_Work task_
Every line of the material below needs to be copied exactly; omit the pictures.

_Supplied data_
□ □ □
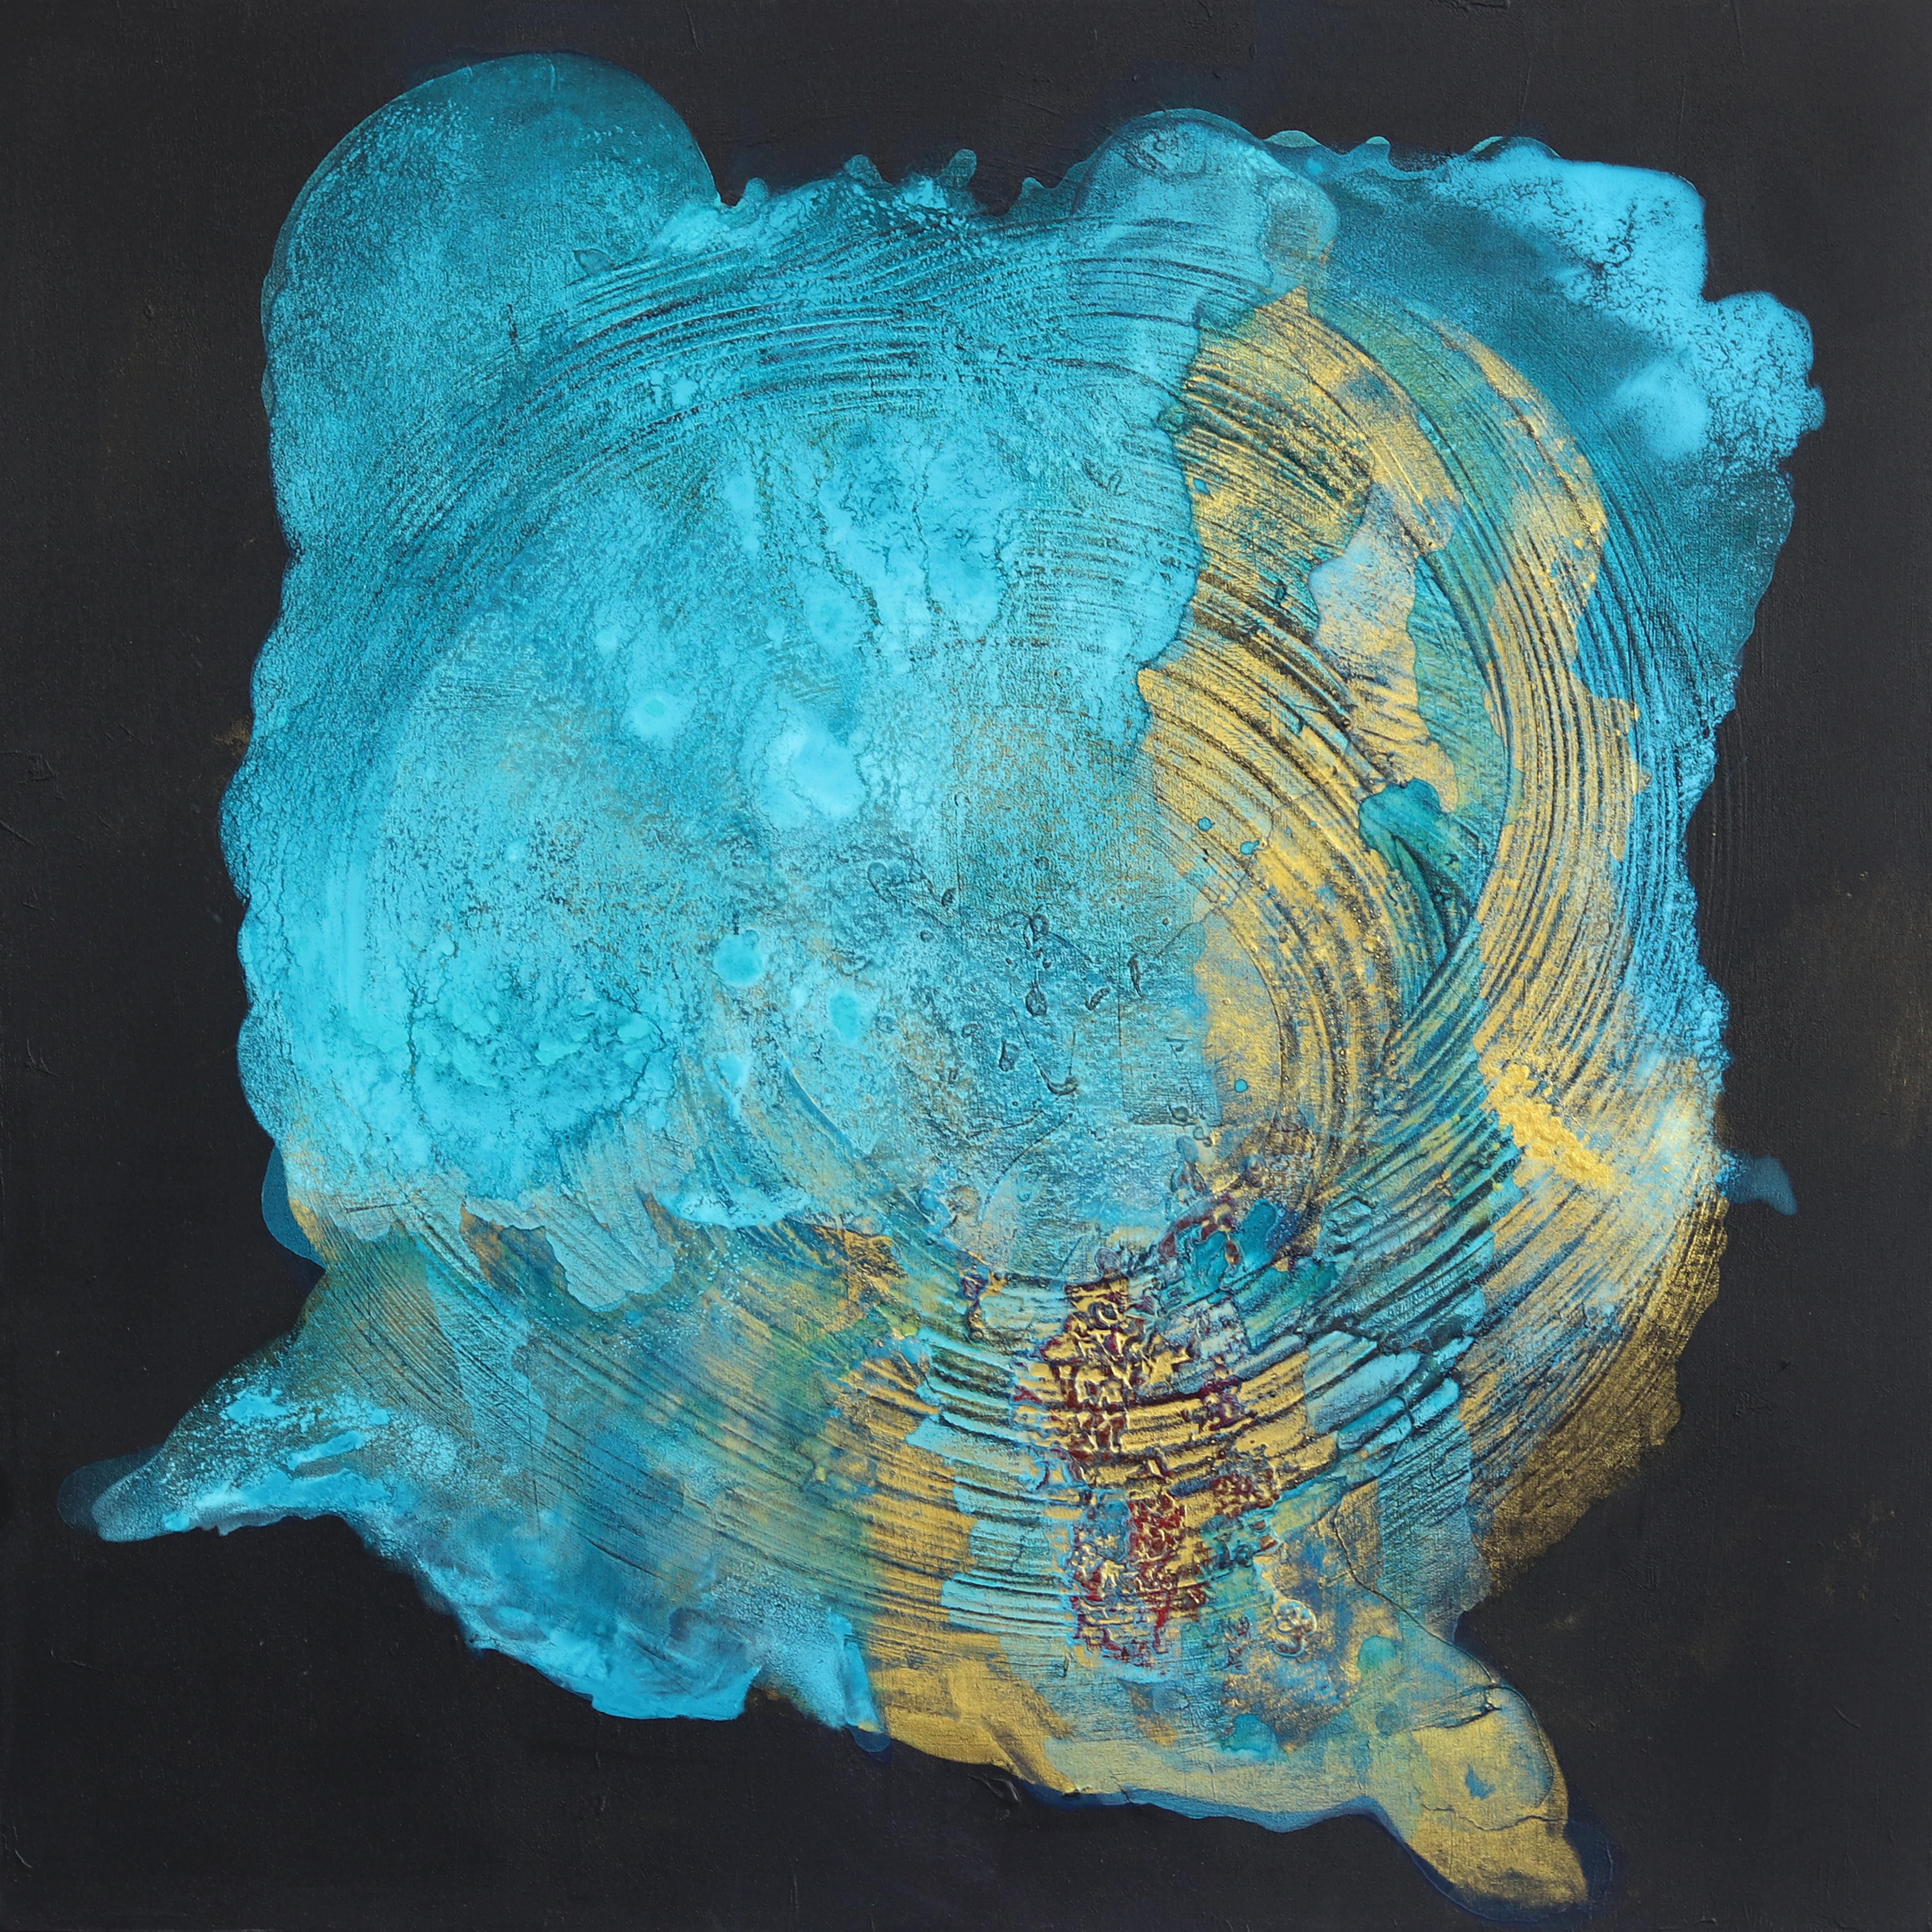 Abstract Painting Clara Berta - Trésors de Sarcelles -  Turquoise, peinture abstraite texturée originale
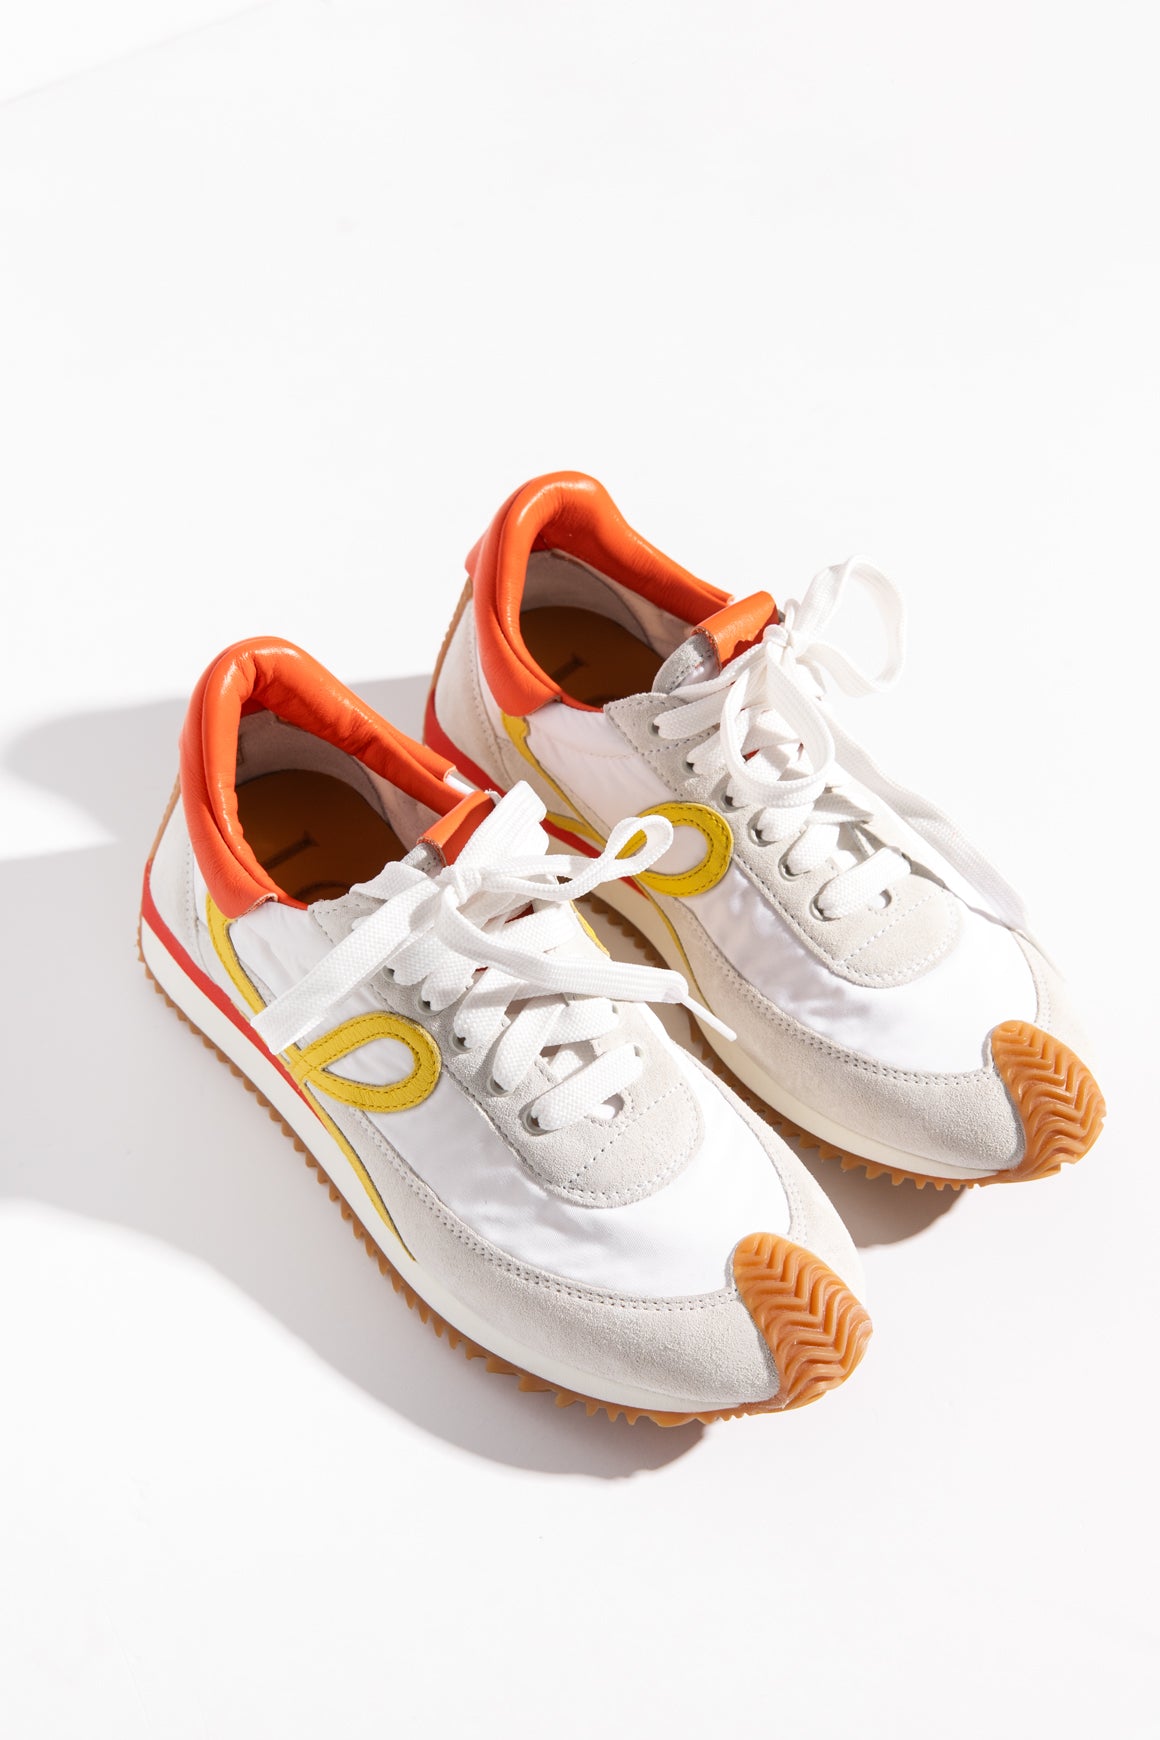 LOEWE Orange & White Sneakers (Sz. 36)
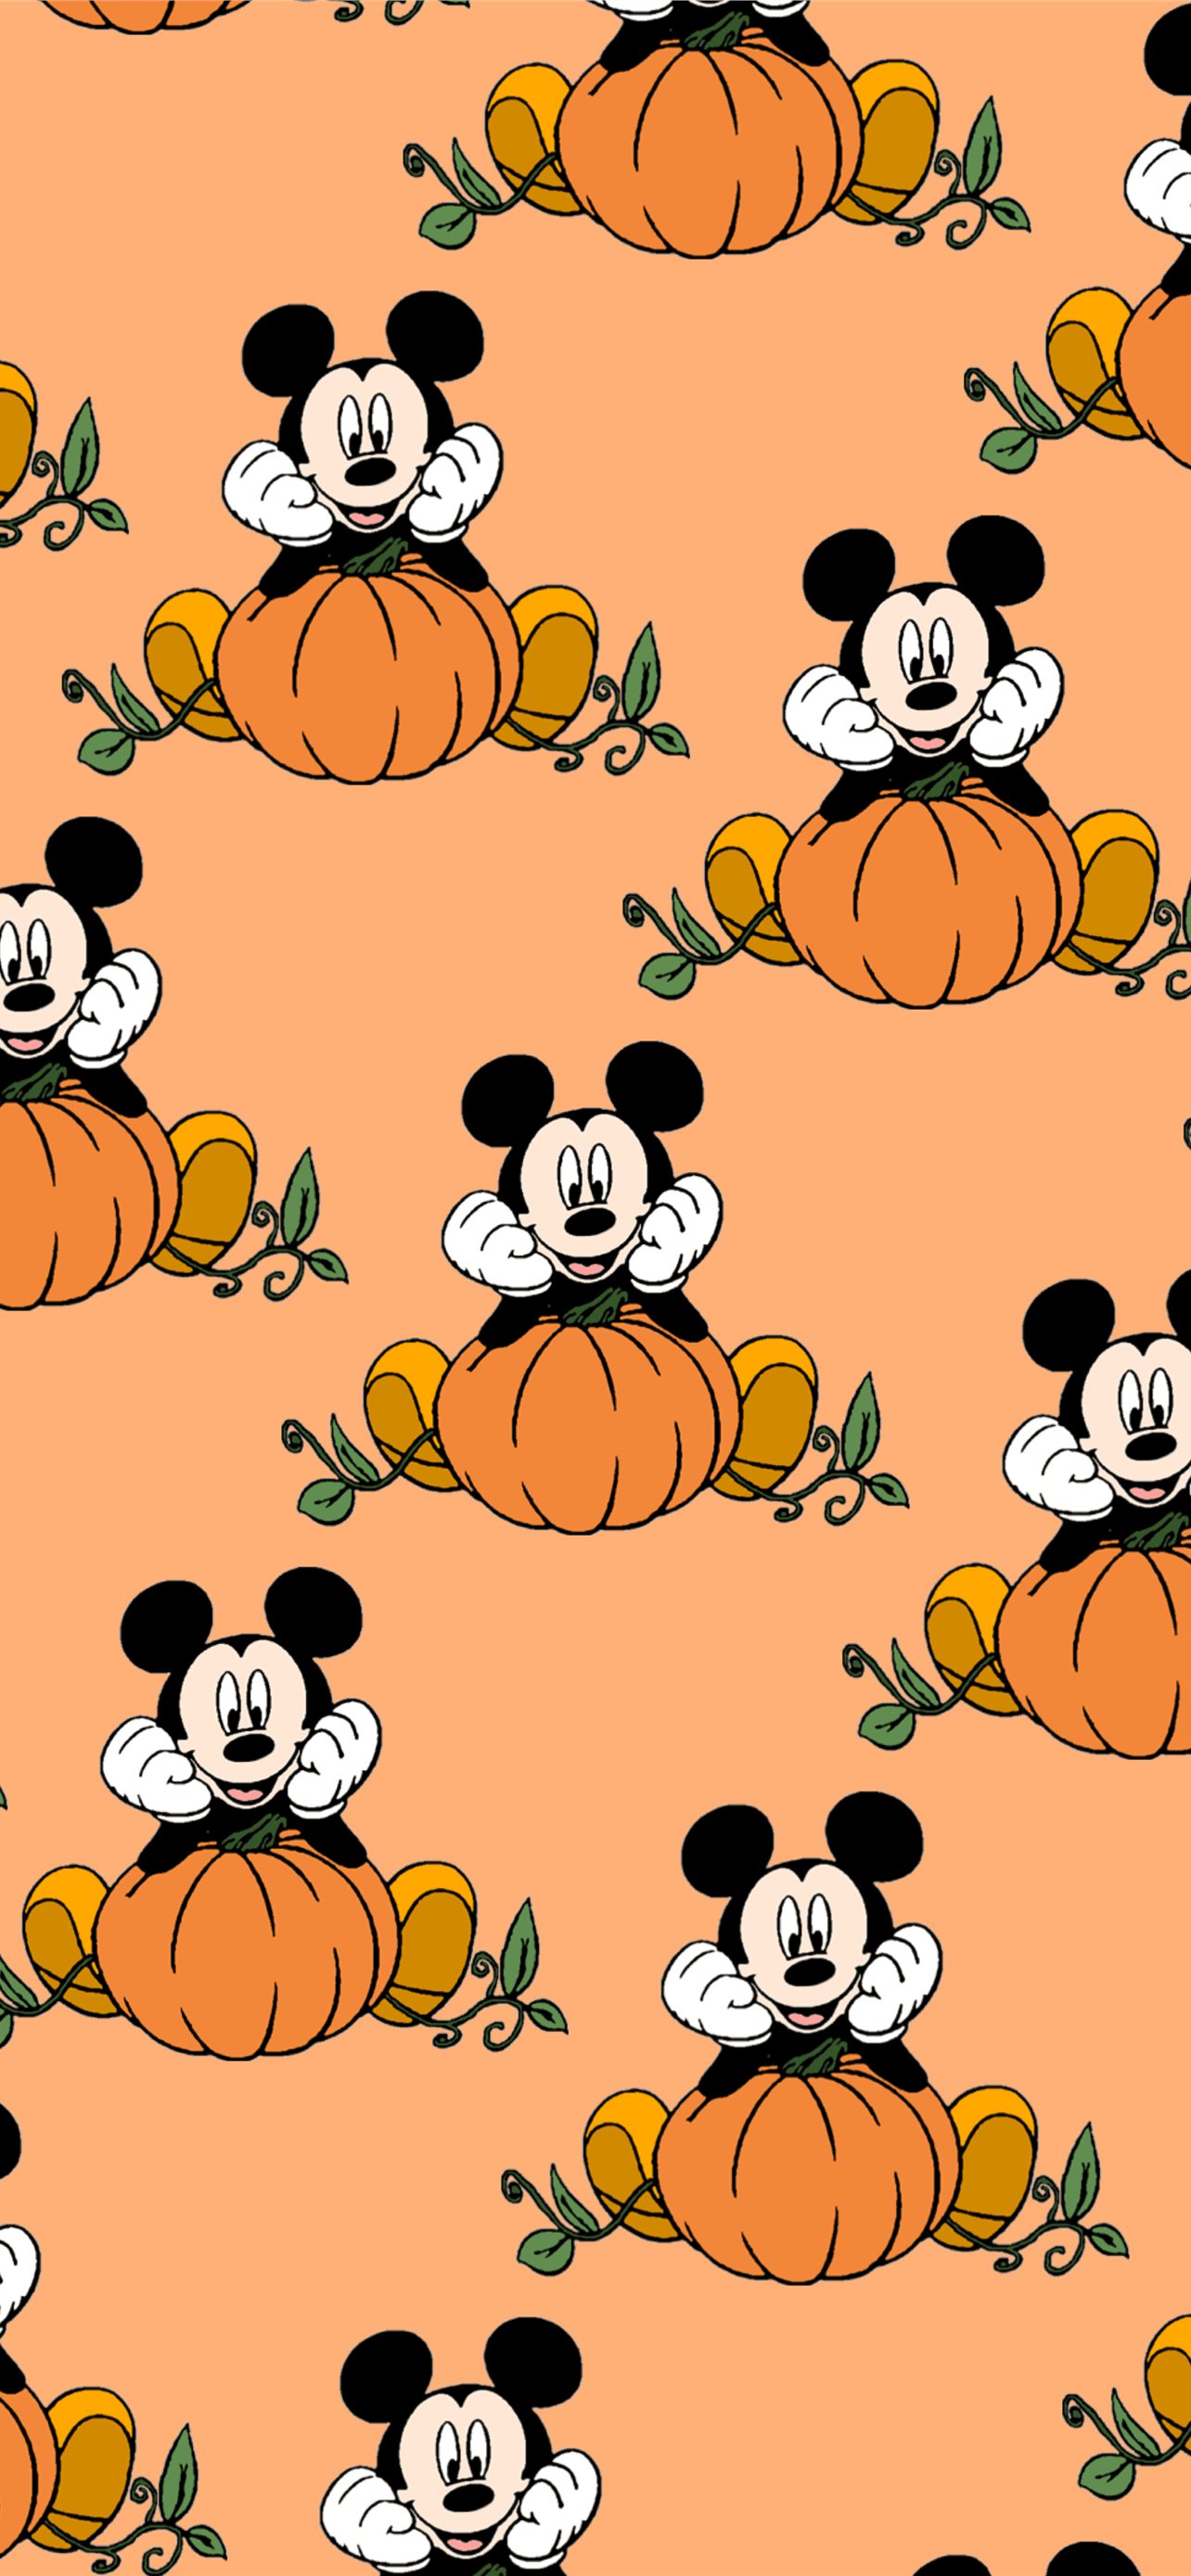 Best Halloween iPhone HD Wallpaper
□ □ □
_Response to the task_
 Abstract Painting Clara Berta - Trésors de Sarcelles -  Turquoise, peinture abstraite texturée originale
 LOEWE Orange & White Sneakers (Sz. 36)
 Best Halloween iPhone HD Wallpaper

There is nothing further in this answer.